------ Stored data

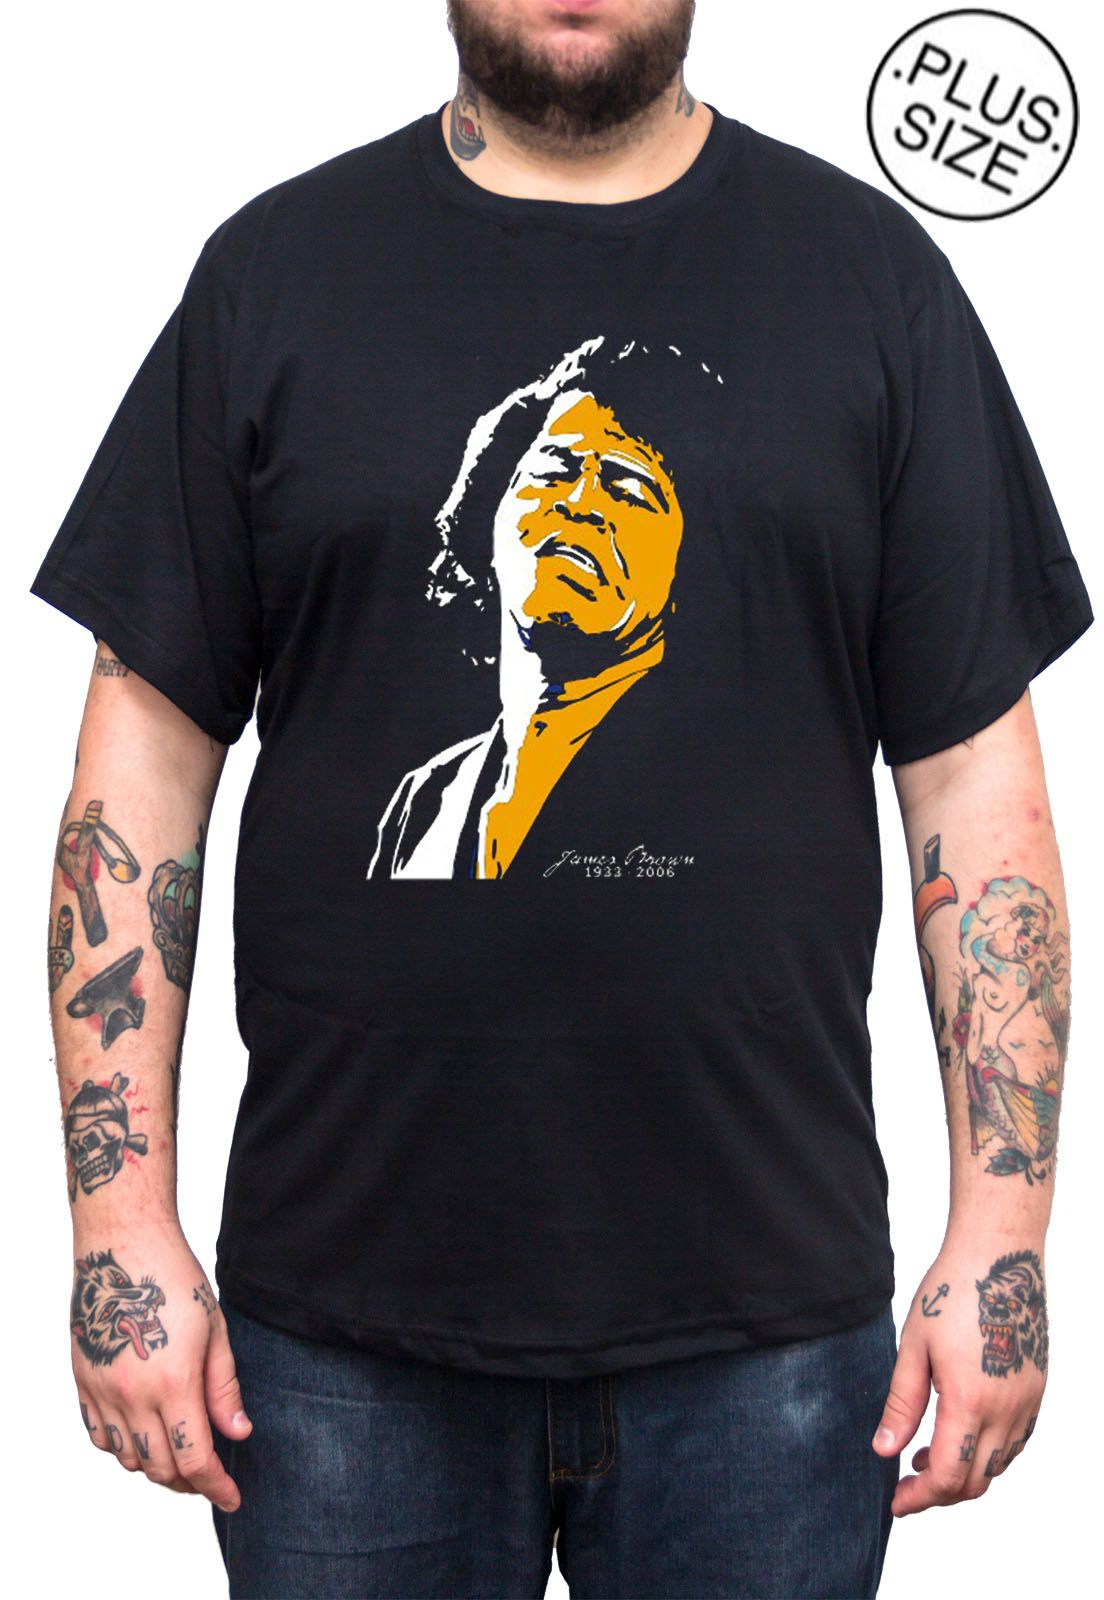 Camiseta Hshop James Brown - Preto - Plus Size - Tamanho Grande XG  - HShop
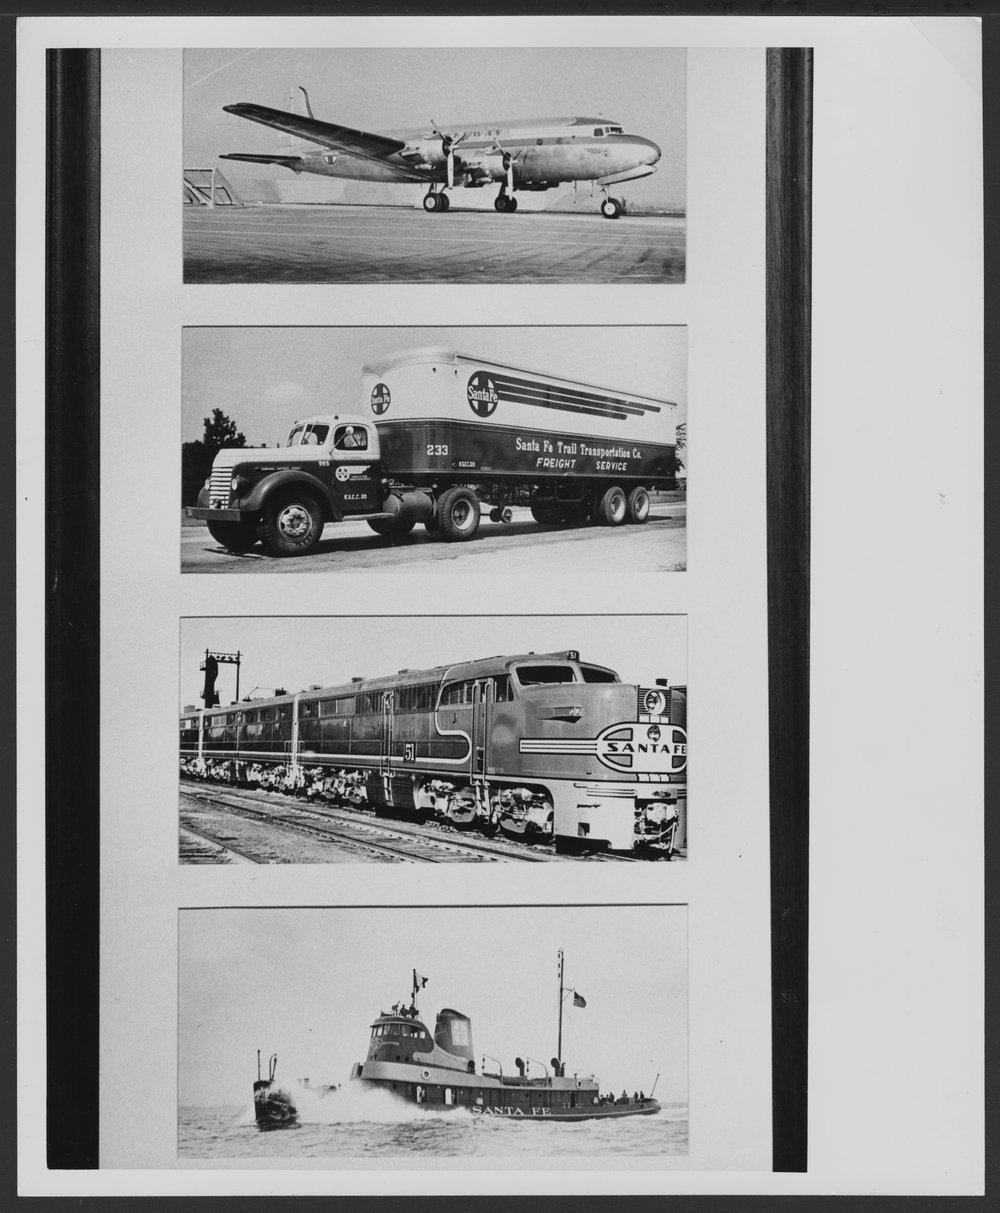 Atchison, Topeka & Santa Fe Railway Company's freight operations
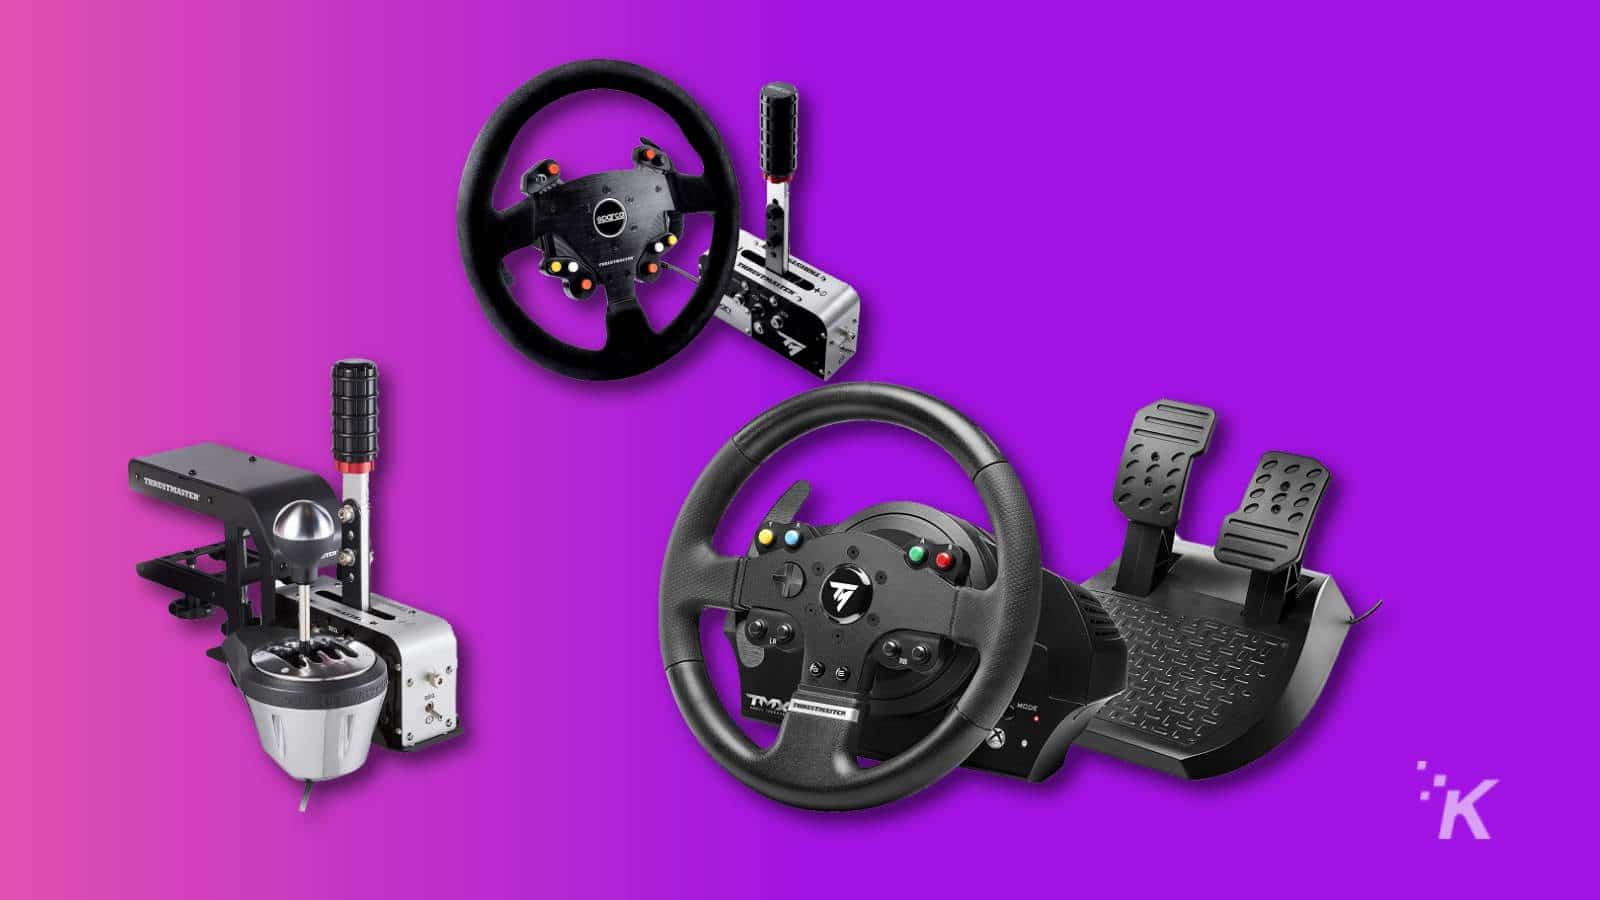 thrustmaster racing sim gear
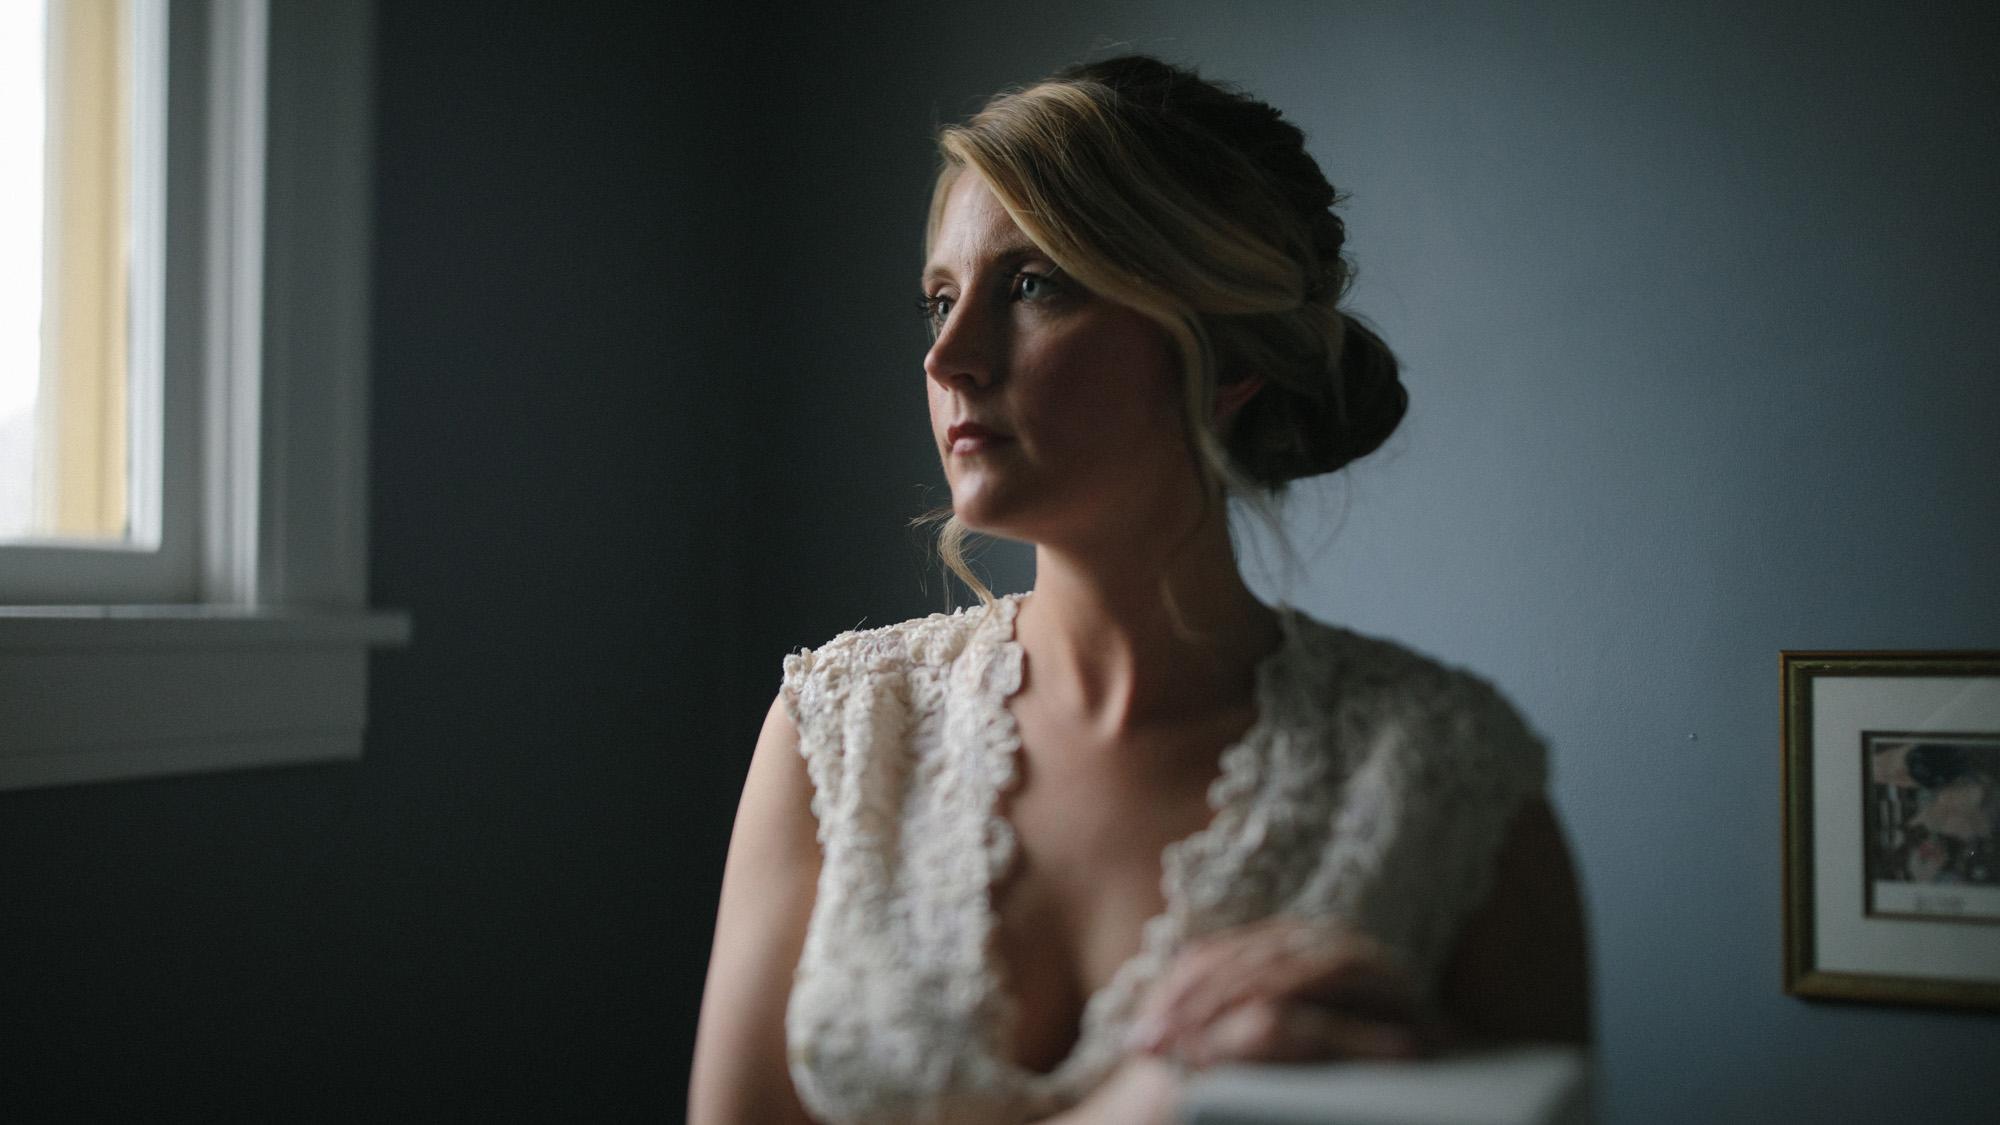 Alec_Vanderboom_kansas_city_hip_wedding_photos-0015.jpg

------------

Your answer should reproduce every line of the data verbatim and include no images.

» Answer box:
 Camiseta Hshop James Brown - Preto - Plus Size - Tamanho Grande XG  - HShop
 Atchison, Topeka & Santa Fe Railway Company's freight operations
 thrustmaster racing sim gear
 Alec_Vanderboom_kansas_city_hip_wedding_photos-0015.jpg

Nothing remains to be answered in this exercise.